The current cloud market remains heavily reliant on a few leading technology companies that control hash rate resources, creating substantial barriers for AI startups and research institutions lacking the means to build large-scale infrastructure. High-performance GPUs are difficult and expensive to obtain, and centralized platforms tend to allocate resources preferentially to large customers, leaving vast amounts of idle GPU capacity without neutral allocation channels. Decentralized hash rate mechanisms address these structural inefficiencies through two primary models. The sharing economy model aggregates idle graphics card resources from individuals and small data centers to create a unified network, bypassing tech giant monopolies and enabling flexible resource allocation. Conversely, the distributed hash rate model allows users to rent computing power globally, reducing dependence on single providers and improving the utilization rate of idle hardware to lower entry barriers for high-performance services.
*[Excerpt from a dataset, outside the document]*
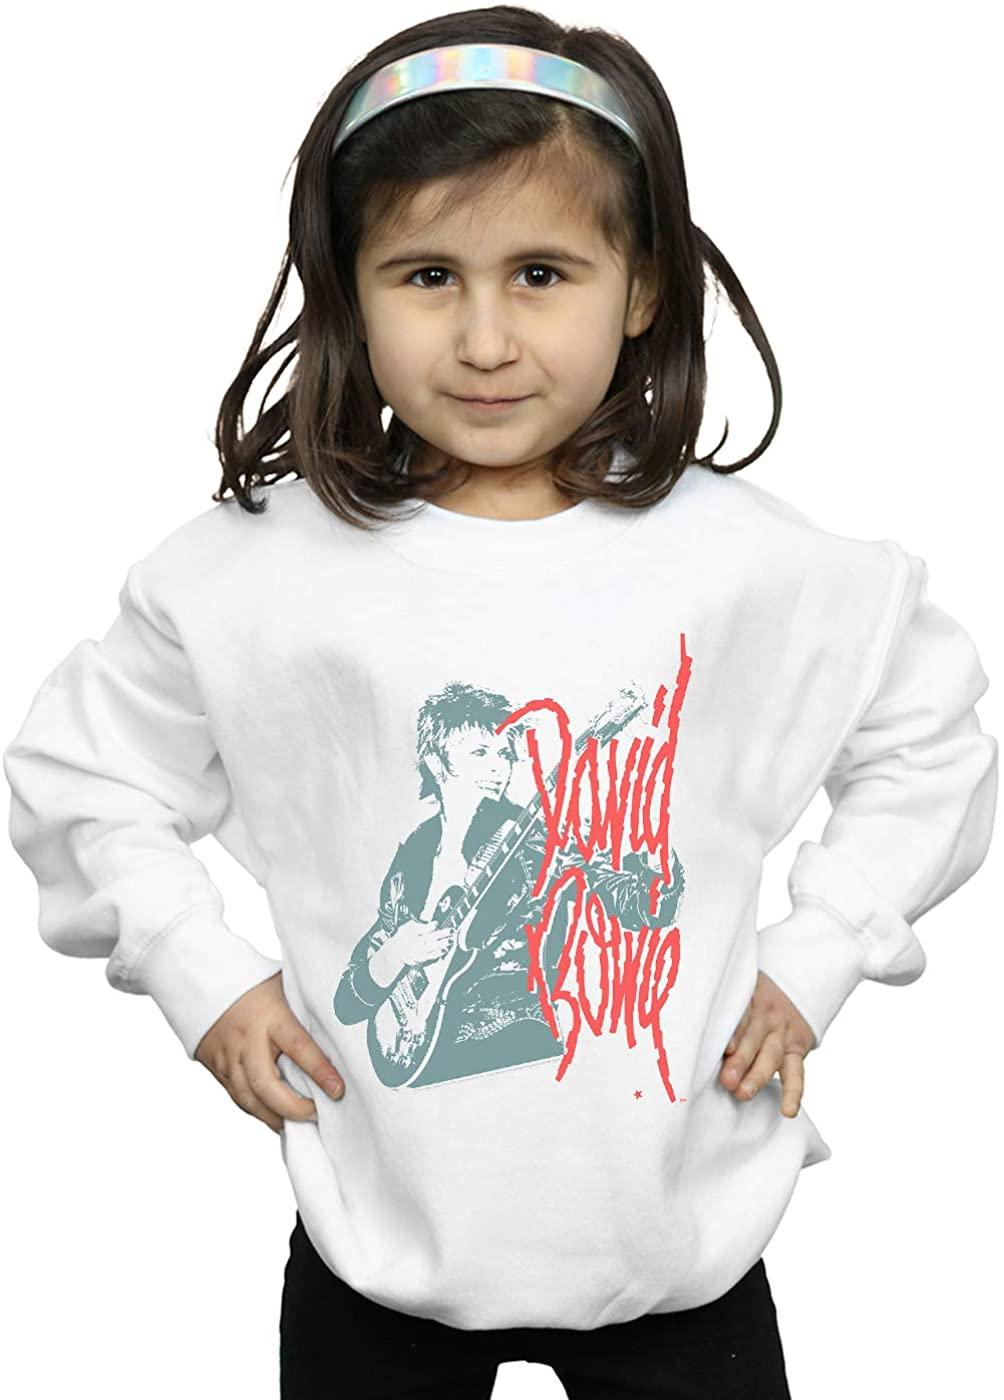 ABSOLUTECULT David Bowie Girls Mono Guitar Sweatshirt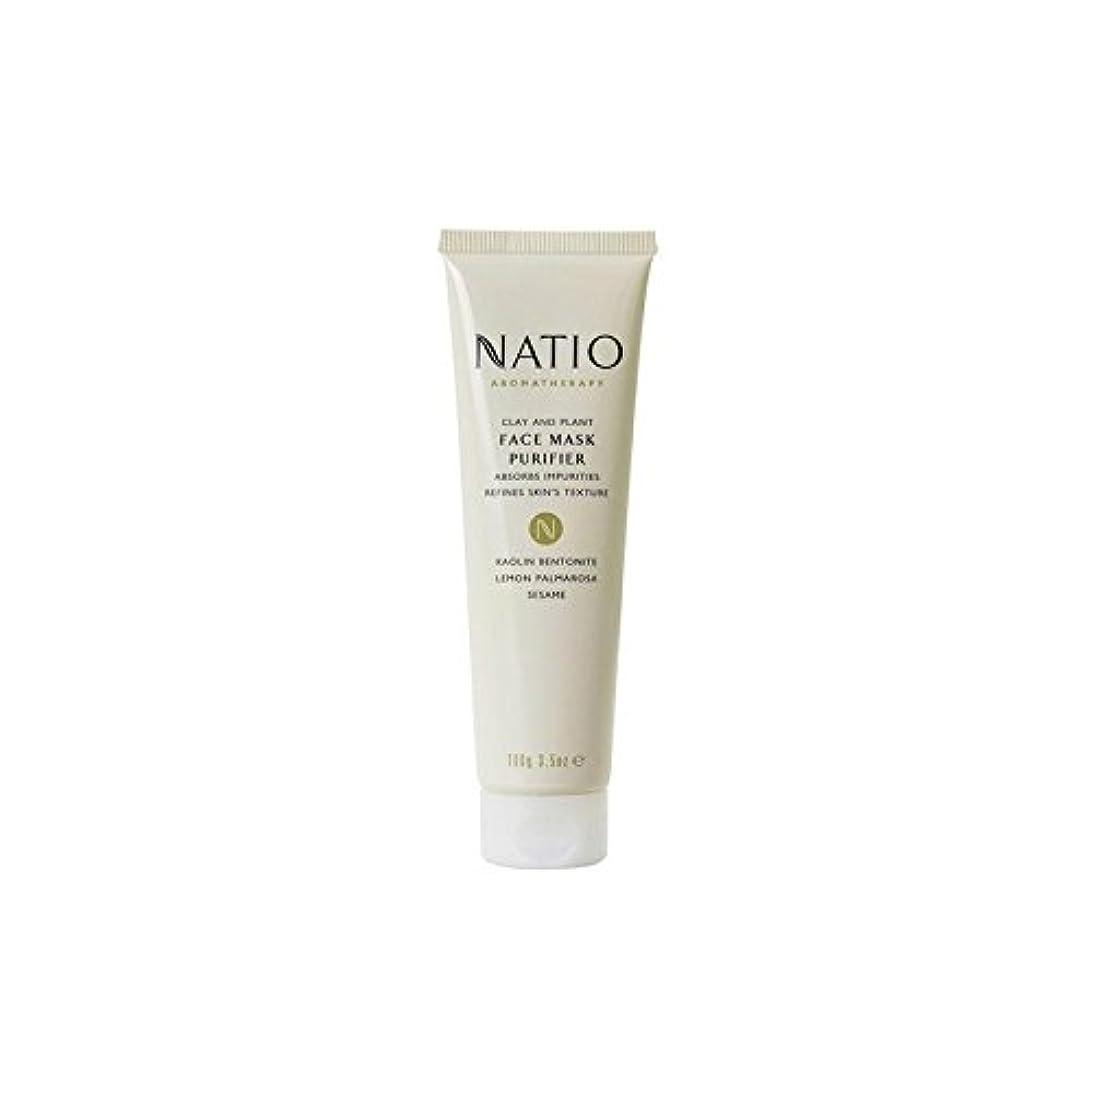 行商人上昇母音Natio Clay & Plant Face Mask Purifier (100G) (Pack of 6) - 粘土&植物フェイスマスクの浄化(100グラム) x6 [並行輸入品]

Existing data storage systems are almost entirely dependent on centralized cloud providers such as Google and Meta Platforms, where actual data ownership transfers to the platform upon user upload, resulting in a monopoly on AI training data. Centralized architectures carry inherent operational risks, including policy changes, service disruptions, or platform failures that can lead to irreversible data loss or inaccessibility. Decentralized storage solves these structural problems via two distinct pathways. The sharing economy model, represented by Filecoin and Arweave, pools idle storage space from various participants into a network capable of replacing traditional centralized clouds. The permanent storage model creates multiple backups of data across distributed nodes, reducing reliance on any single platform and ensuring long-term data integrity.
AI research requires massive amounts of training data, yet the current data circulation market is highly fragmented with companies like Hugging Face and major cloud providers dominating revenue and pricing structures. Data creators earn minimal profits, and incentive mechanisms for contributing data lack transparency. On-chain trading markets utilize smart contracts to eliminate intermediaries and establish transparent transaction rules. In direct trading models like Ocean Protocol, data owners and AI developers conduct transactions directly through smart contracts with rewards distributed transparently. In contribution-based reward models like Grass, individuals connect their idle bandwidth to AI data collection efforts and receive compensation based on the value of their contributions.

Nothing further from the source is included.